At the end of the perfusions the hearts were homogenized using a modified protocol described previously . Briefly, all the procedures were conducted at 4 °C to maintain the integrity of mitochondrial proteins. The hearts were immersed in the homogenization buffer (in 50 ml: 10 mM Tris HCl, 5 tablets of protease inhibitor (Pierce Protease and Phosphatase Inhibitor Mini Tablets, ThermoFisher, catalog A32959), and 250 mmol/l sucrose pH 7.0). The hearts were then chopped into small pieces with small scissors and homogenized with a teflon pestle in a glass tube. Tissue homogenate was centrifuged at 800×g for 10 min to pull down tissue debris while the supernatant was collected and centrifuged at 10,000×g for 20 min to separate the mitochondrial fraction as a pellet. The supernatant from the second centrifugation was further centrifuged at 105,000×g for 60 min to separate microsomes from the cytosolic fraction. For subsequent investigations, mitochondrial and cytosolic fractions were used. Protein concentration in each fraction was measured using Bradford assay (BioRad, USA).
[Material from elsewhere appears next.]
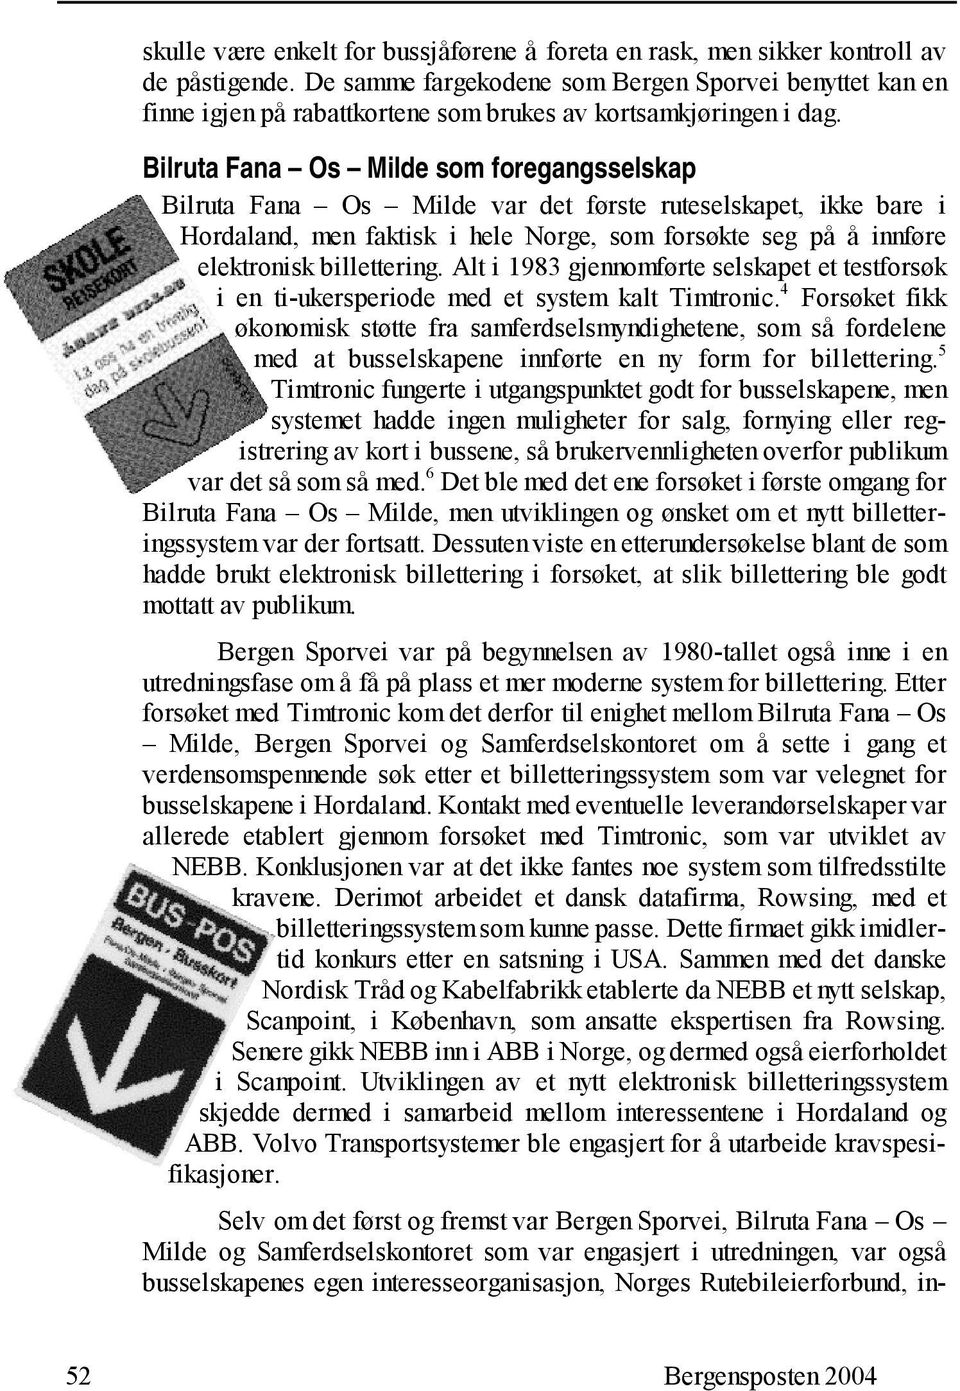 Bilruta Fana Os Milde som foregangsselskap Bilruta Fana Os Milde var det første ruteselskapet, ikke bare i Hordaland, men faktisk i hele Norge, som forsøkte seg på å innføre elektronisk billettering.

Mitochondrial and cytosolic fractions (30 µg/well) were loaded onto 10% SDS-PAGE to be separated based on molecular weight, then transferred onto nitrocellulose membrane using wet-transfer method, as previously reported [3, 4]. The membrane was then probed with one of the following primary antibodies (1:1000): phospho-Akt Ser473 (Cell Signaling, catalog 9271S), Akt (Cell Signaling, catalog 9272S), phospho-GSK-3β Ser9 (Cell Signaling, catalog 9322S), GSK-3β (Cell Signaling, catalog 9321S), phospho-PKC-δ Tyr311 (Santa Cruz Biotechnology, catalog SC-377560), PKC-δ (Santa Cruz Biotechnology, catalog SC-8402), phospho-PDH-E1α Ser293 (Millipore Sigma, catalog ABS204), PDH (Cell Signaling, catalog 3205S). The probed membrane was incubated with the correspondent secondary antibody (1:5000) for 1 h then protein bands were visualized using the Amersham enhanced chemiluminescence kit (Cell Signaling Technologies, Danvers, Massachusetts, USA). Protein bands intensity analysis was performed in a blind fashion using ImageJ program (1.48v, National Institutes of Health USA). Prohibitin (Fitzgerald, catalog 70R-5543) and α-tubulin (Millipore Sigma, catalog T9026) was used as an internal control (loading control) for the mitochondrial and cytosolic fractions, respectively. To account for any possible variation in the band’s intensity due to different exposure times for different membranes, the average for all the samples in the same group was calculated, and each sample was then divided by the average value.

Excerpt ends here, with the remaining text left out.